Can we simply feel the seeking energy in the body, the contraction and tension of it, but without calling it contraction or tension—simply feeling it, wordlessly? And perhaps also noticing that this is only another shape that present experiencing is taking—another momentary movement of energy, another impersonal weather event, something the universe is doing. Without the labels and stories, without taking it personally and giving it meaning, without resisting it, how solid and substantial is it? Is it really even a problem?
And likewise, can we truly feel the joy and peace in those moments when everything relaxes and opens and there is simply present experiencing, just as it is?
Maybe we can enjoy the miracle of simply being alive. Maybe when the search for meaning dissolves, the fear of meaningless goes with it. Maybe, as I say on the home page of my website, “In holding on to nothing at all, there is immense openness and freedom.” Maybe we don’t actually need a security blanket or another mouthful of comfort food. Or maybe we do. There’s nothing wrong with wanting comfort. It’s very human. It’s part of our animal nature. But unlike other animals, we often look for it in ways that will only make the discomfort worse. As I often say, no other animal smokes and drinks itself to death. But whatever happens in the next moment, it will be an unfathomable and unavoidable movement of life itself that cannot, at that moment, be otherwise than how it is.
What I call spirituality or being awake is not about some imagined perfection for this phantom “me.” It’s simply being alive, right here, right now.
Ten thousand flowers in spring,
the moon in autumn,
a cool breeze in summer,
snow in winter.
If your mind isn’t clouded by unnecessary things,
this is the best season of your life.— Wu-men
Or as I put it in my book Nothing to Grasp:
Everything plays its part and then it dies and becomes food for something else in an endless recycling where nothing is wasted and nothing is ever really lost. In that sense, we can’t ever really waste our time, lose our lives, or miss the boat. Wherever we go, here we are. Even the apparent mistakes are all part of the process, the grit that creates the pearl.

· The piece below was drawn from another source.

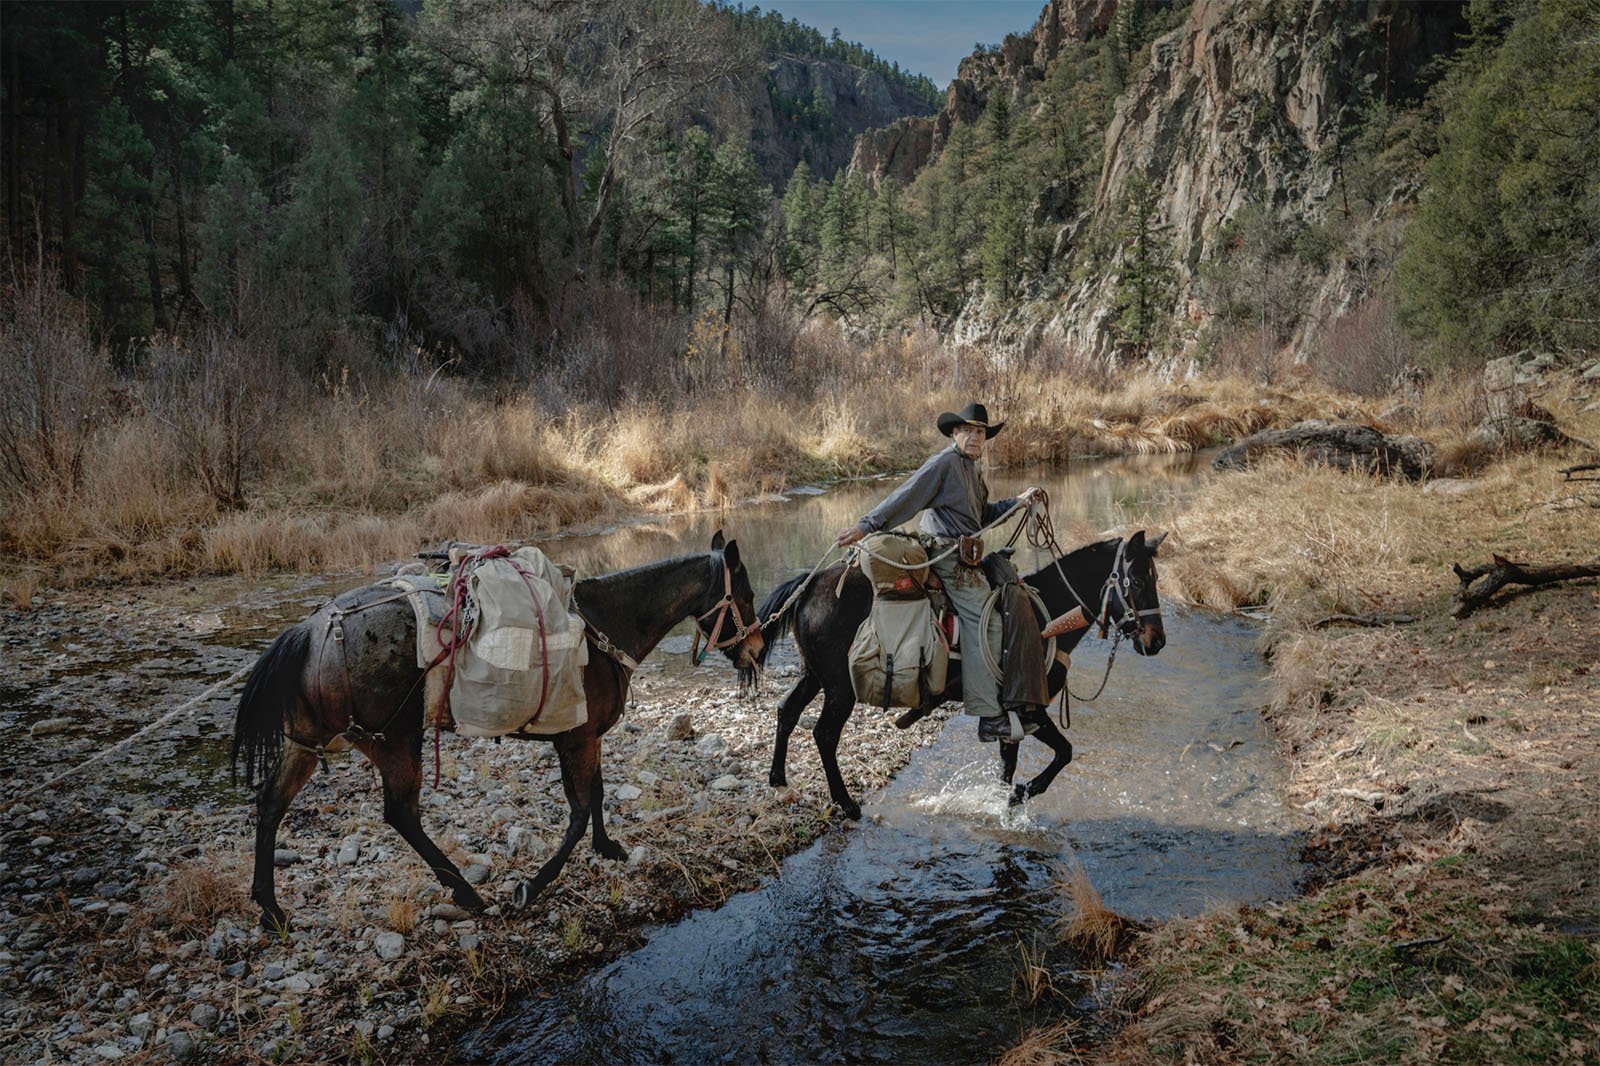 A cowboy on horseback leading another horse across a shallow river in a rugged canyon landscape with wooded slopes and rocky terrain.

During the last year she was alive, at age 95, my mother said many times, “It’s so freeing to realize that nothing really matters.” She said it joyously, with relief, as if a burden had been lifted. She also said over and over, “Love yourself.”
Love sees the True Self, the boundless absolute, right here in the messiness and imperfection of this human life. Love sees that nothing matters in the way we habitually think it does, and at the same time, it recognizes everything as the Holy Reality.
In the end, it gets simpler and simpler. Watching the clouds, hearing the birds sing, drinking a cup of coffee, breathing in and breathing out, biting the fingers, wiggling the toes, opening the heart, being Here / Now – this that you cannot not be – nothing is more important than just this.
—from Nothing to Grasp
I’ll leave you with a conversation between myself and Robert Saltzman from September of 2018:
Postscript from this morning:
That’s the end of the post I wrote earlier this past week and originally intended to publish last Wednesday night.
I’m not sure when I’ll be back with more outpourings, but perhaps the absence of words from me for a short while will be a nice break for all of you as well. We can be together in silence. Again, thank you all for your love and support. ❤️🙏
Love to all,
joan
Maybe it's a few days old, but it certainly isn't stale! How many times I hear you, Joan, and many other teachers, too, invite simple awaring now? I find myself chuckling out loud at fresh recognition, at forgetting, remembering, again and again. Let go the ideal of never ever forgetting again. Acknowledge deep gratitude for the reminder of what I already knew, know, knowing now. Blessings, dear Joan.
Such warmth, love and appreciation for you and your offerings, Joan. Will be with you in the Silent/Stillness.